Relative MDE (MRDE): Trained with affine-invariant losses, offering strong cross-domain generalization, but lacking absolute scale, which limits downstream applications such as robotic navigation and 3D reconstruction.

Existing relative-to-metric conversion methods suffer from two core problems:

Single-factor scaling limitation: Prior methods (e.g., RSA) estimate only one global scale and shift factor, failing to correct locally erroneous regions in the relative depth map and potentially amplifying errors.
Semantic description ambiguity: Objects of the same category can have varying depths across different distributions and scales, yet their textual descriptions may be similar, leading to inaccurate scale estimation.

Core Problem¶

How can the scale ambiguity of relative depth be efficiently resolved to convert it into metric depth, while preserving the cross-domain generalization of MRDE? The key challenge lies in achieving pixel-level fine-grained scaling rather than global scaling, and enforcing scale consistency at the feature level.

Method¶

Overall Architecture¶

TR2M takes as input an RGB image \(I \in \mathbb{R}^{H \times W \times 3}\) and a textual description \(L\) (automatically generated by LLaVA), and predicts two pixel-wise maps: a scale map \(A \in \mathbb{R}^{H \times W}\) and a shift map \(B \in \mathbb{R}^{H \times W}\). These maps convert the relative depth \(D_r\) output by a frozen relative depth model (Depth Anything-Small) into metric depth:

\[\hat{D}_m = \frac{1}{A \odot D_r + B}\]

where \(\odot\) denotes element-wise multiplication. This pixel-wise transformation can correct locally erroneous regions in the relative depth map, unlike global single-factor scaling.

Image encoder: Frozen DINOv2 ViT-L, extracting image features \(F_I \in \mathbb{R}^{HW \times D}\)
Text encoder: Frozen CLIP ViT-L/14, extracting text features \(F_L \in \mathbb{R}^{1 \times D}\)

A cross-modal attention module fuses the two feature streams. Using image features as Query, attention is computed both over itself (self-attention) and over text features (cross-attention):

\[\text{Attn}_{cm}^{i}(Q_I, K_i, V_i) = \text{softmax}\left(\frac{Q_I K_i^T}{\sqrt{d}}\right) \cdot V_i, \quad i \in \{I, L\}\]

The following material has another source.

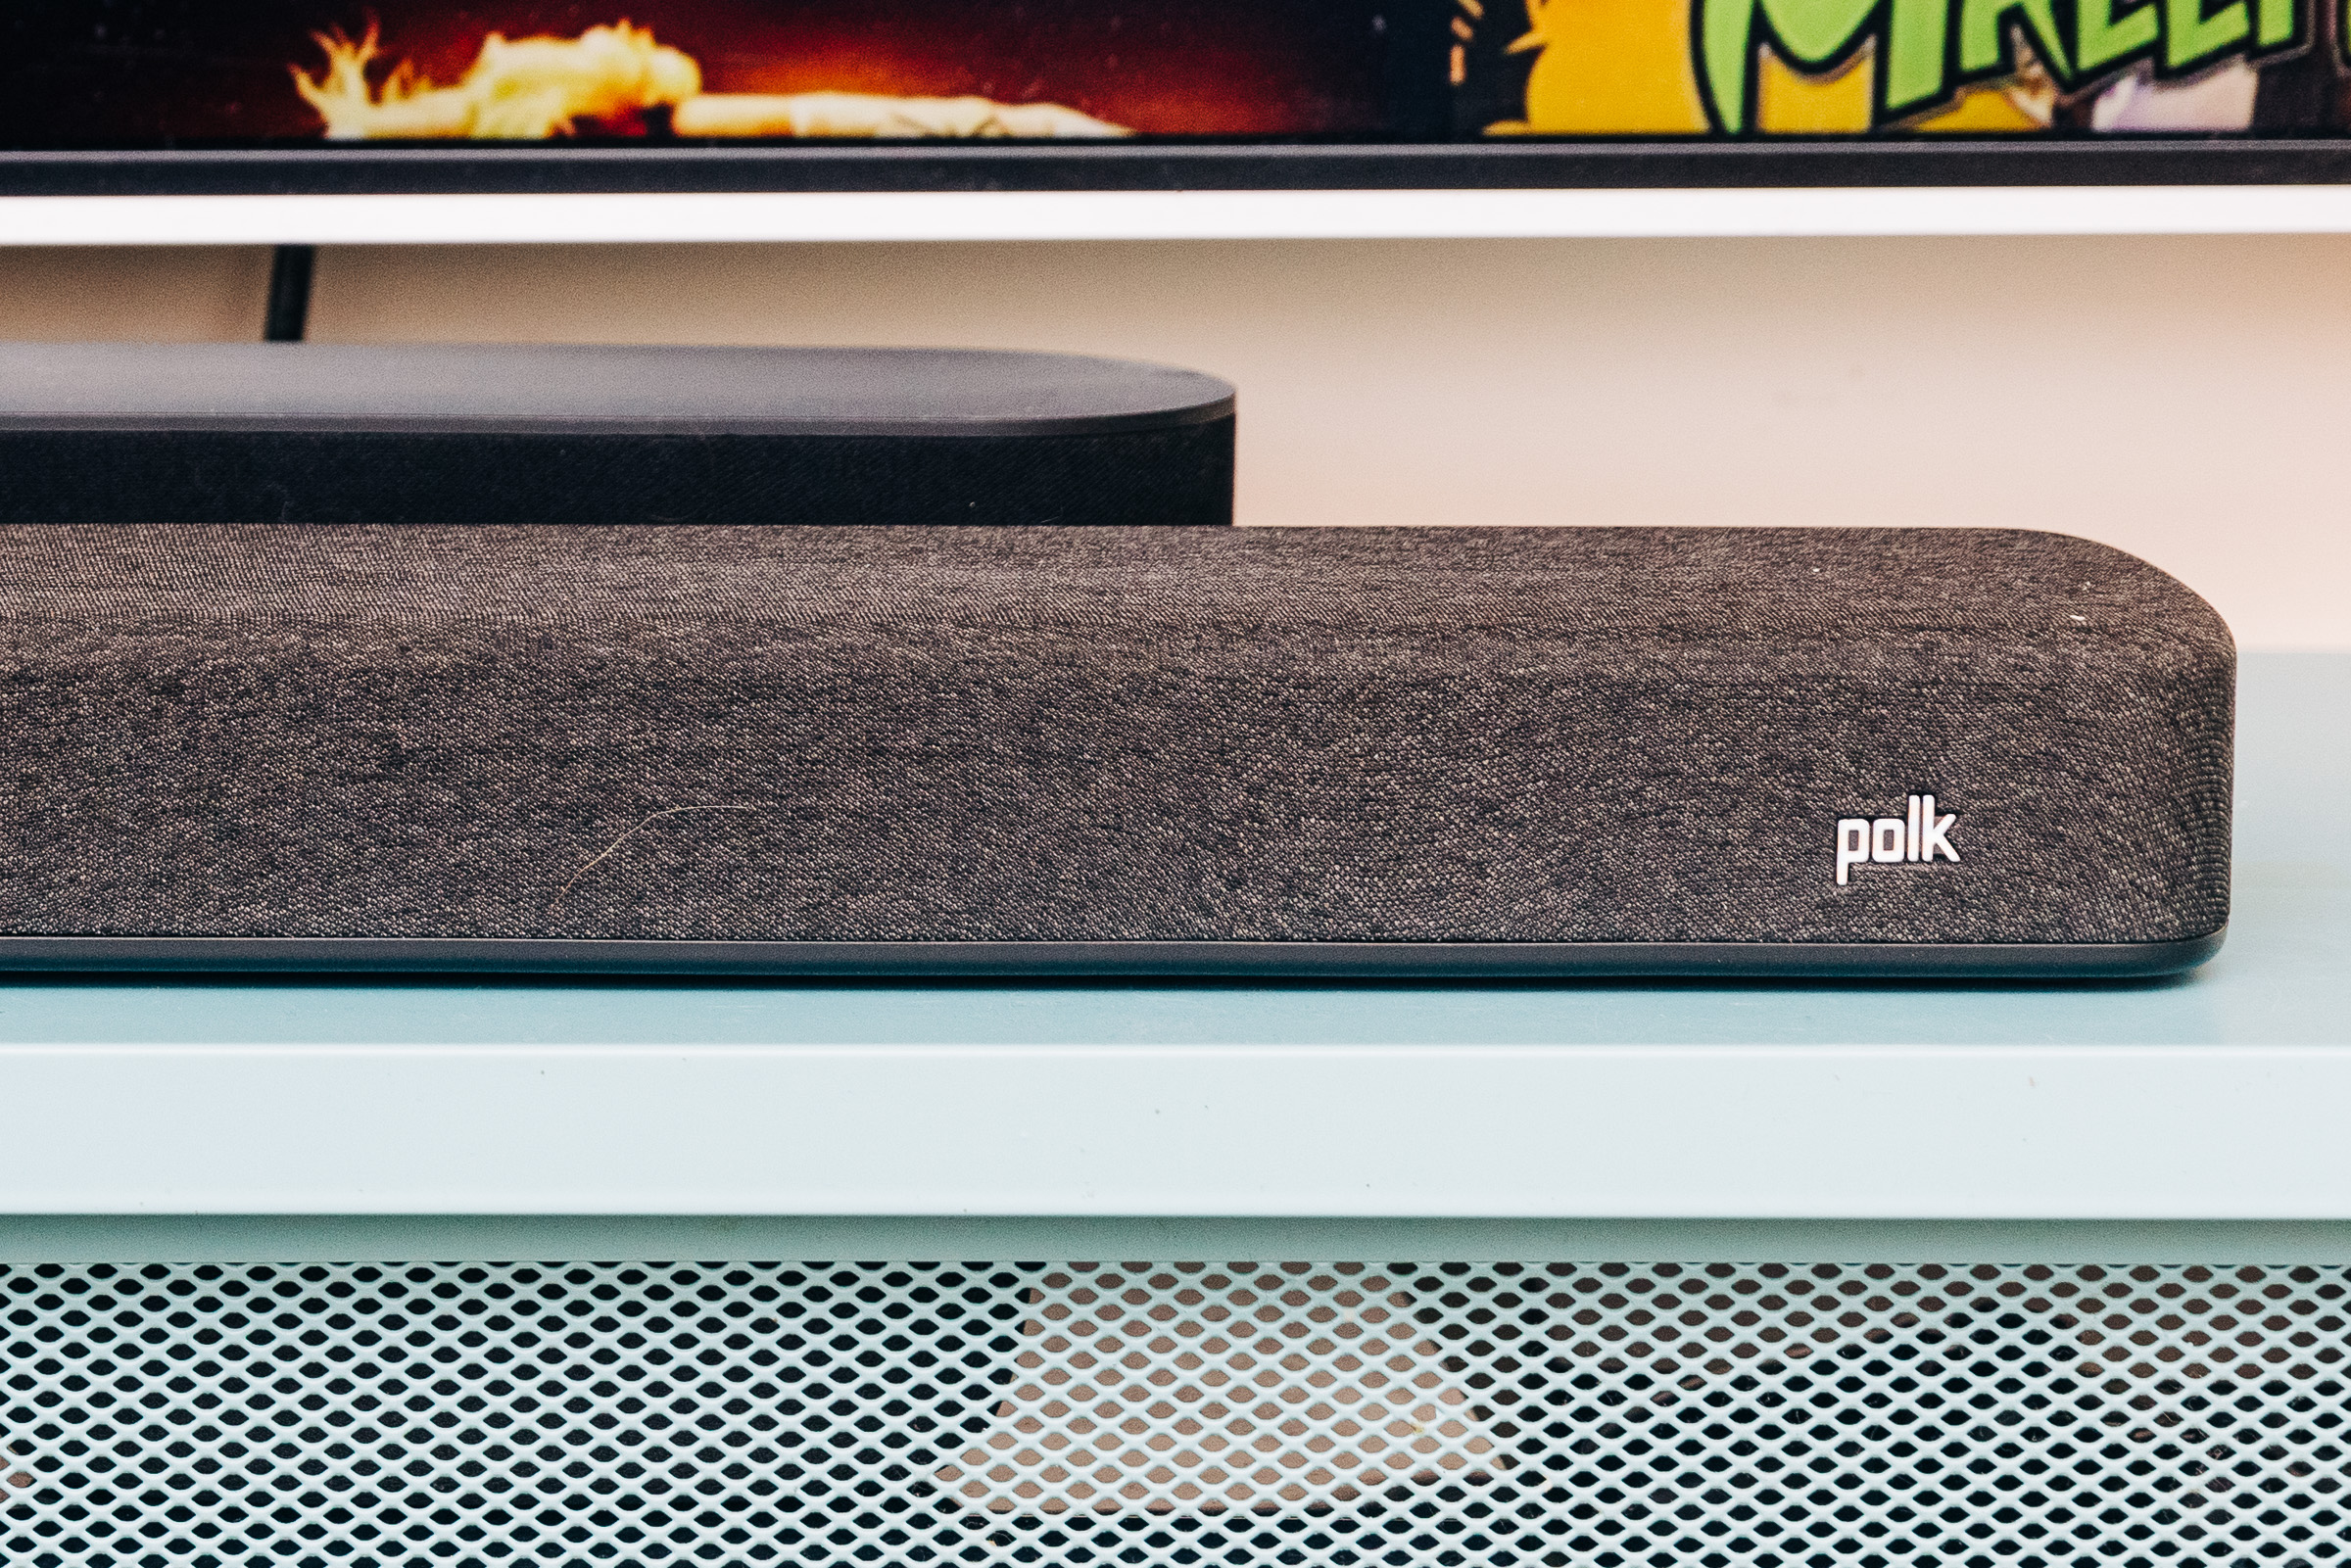 Polk React Soundbar review: Alexa’s favorite affordable audio upgrade

The final fused feature is: \(F_{out} = F_I + \text{Attn}_{cm}^I + \text{Attn}_{cm}^L\)

The key design insight is that image features maintain pixel-level spatial resolution as the Query, while text features serve as global scale priors injected into each pixel position via cross-attention.

Decoder¶

Two lightweight DPT-style decoder heads generate the scale map and shift map from the fused feature \(F_f\):

\(A = \text{ScaleHead}(F_f)\)
\(B = \text{ShiftHead}(F_f)\)

Pseudo Metric Depth and Threshold Filtering¶

Since ground-truth metric depth is typically sparse (some pixels lack annotations), pseudo metric depth is generated by aligning relative depth to the GT via least-squares regression:

\[(\tilde{\alpha}, \tilde{\beta}) = \arg\min_{\tilde{\alpha}, \tilde{\beta}} \sum_{i=1}^{HW} (\tilde{\alpha} D_r(i) + \tilde{\beta} - D_m^{gt}(i))^2\]

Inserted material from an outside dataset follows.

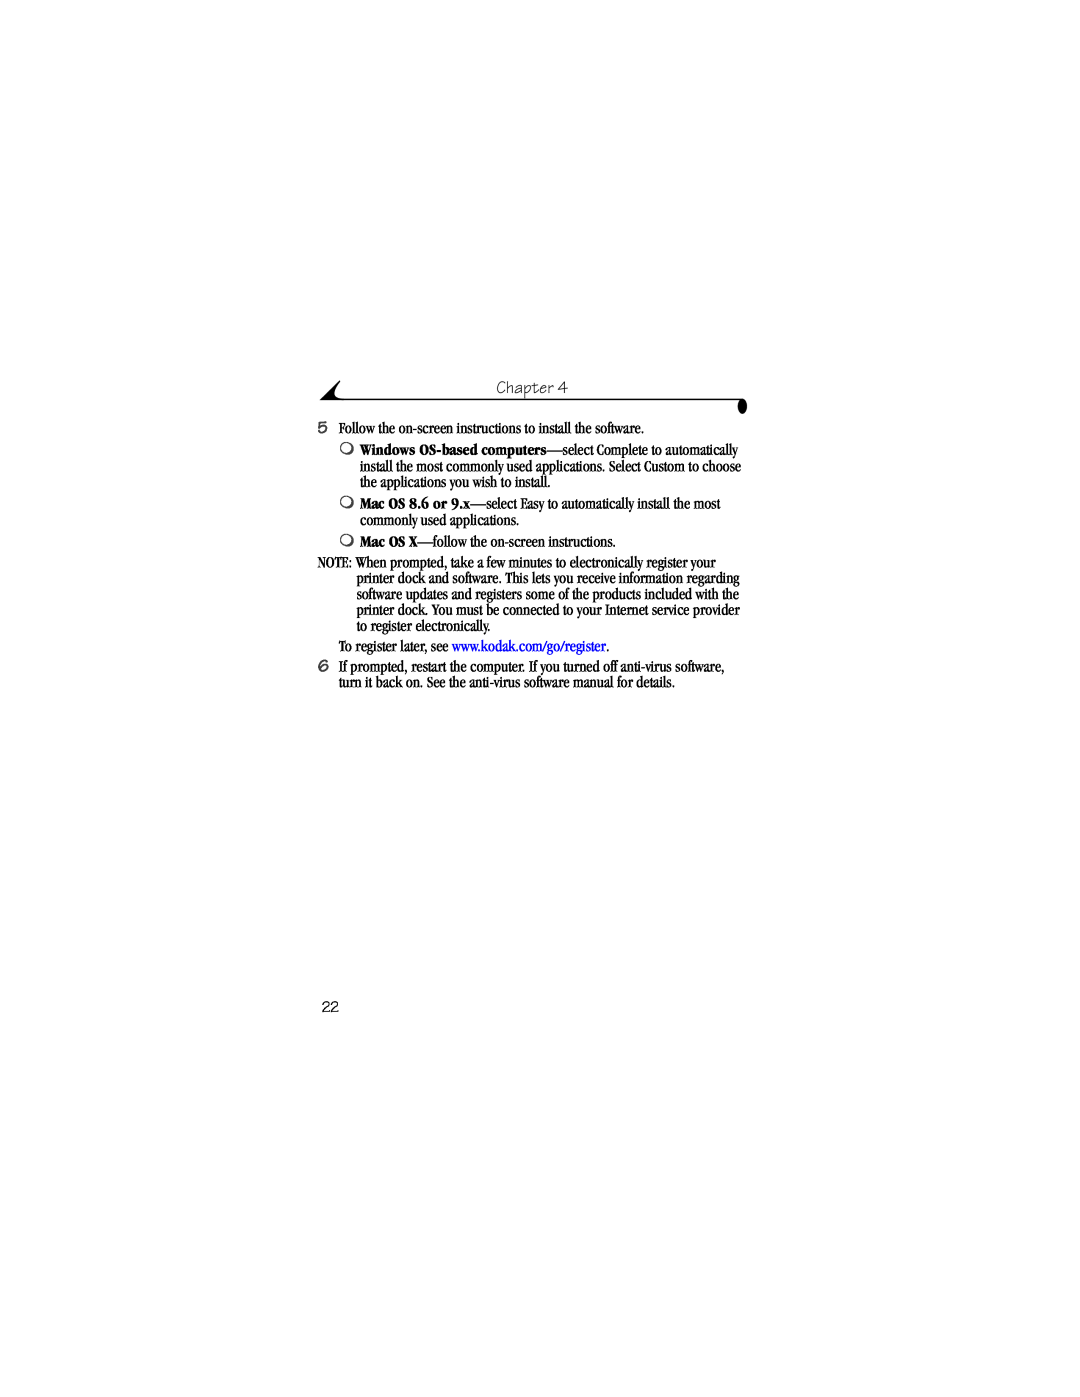 Kodak 4000 manual Chapter, Mac OS X-followthe on-screeninstructions

yielding \(D_m^{pseudo} = \tilde{\alpha} D_r + \tilde{\beta}\).

A key innovation is quality filtering: the threshold accuracy \(\delta_1\) (the proportion of pixels where \(\max(D_m^{gt}/D_m^{pseudo}, D_m^{pseudo}/D_m^{gt}) < 1.25\)) is used to assess pseudo depth reliability. Supervision is applied only when \(\delta_1 > \rho\):

\[\mathcal{L}_{tp\text{-}si} = \mathbf{1}(\delta_1 > \rho) \cdot \mathcal{L}_{si}(\hat{D}_m, D_m^{pseudo})\]

This provides reasonable supervision signals for pixels outside sparse GT regions, improving generalization.

Dual-Level Scale-Oriented Contrast¶

This is the most novel module in the paper, enforcing consistency between features and depth scale distributions at two granularities:

1) Image-Level Coarse Contrast

Within each training batch, image-level embeddings \(\tilde{F}_f\) are obtained via average pooling over image features, then sorted by the pseudo scale factor \(\tilde{\alpha}\). Images with similar scales form positive pairs; those with large scale differences form negative pairs:

Positive samples: \(|i - j| < t\) (scale distance below threshold \(t\))
Negative samples: \(|i - j| \geq t\)

An InfoNCE-style contrastive loss pulls scenes with similar scales closer in feature space.

2) Pixel-Level Fine Contrast

GT depth maps are used to construct pixel-level contrast. Depth values are quantized into \(|\mathcal{C}|\) discrete categories based on their distribution:

\[Y = \text{round}\left(\frac{d_{max} - D}{d_{max} - d_{min}} \times |\mathcal{C}|\right)\]

An EMA dual-branch structure (similar to MoCo) is adopted: Query and Key branches process different samples and generate pixel-level features. For a Query pixel \(i\), pixels in the Key feature map belonging to the same depth category serve as positive samples, while those in different categories serve as negative samples. The loss maximizes similarity to positive samples and minimizes similarity to negative samples.

The total contrastive loss is: \(\mathcal{L}_{soc} = \mathcal{L}_{coarse} + \mathcal{L}_{fine}\)

Loss & Training¶

\[\mathcal{L} = \lambda_1 \mathcal{L}_{si} + \lambda_2 \mathcal{L}_{tp\text{-}si} + \lambda_3 \mathcal{L}_{soc} + \lambda_4 \mathcal{L}_{es}\]

where \(\mathcal{L}_{es}\) is an edge-aware smoothness loss that regularizes the scale/shift maps. Hyperparameters are set as \(\lambda_1=1, \lambda_2=0.5, \lambda_3=0.1, \lambda_4=0.01\).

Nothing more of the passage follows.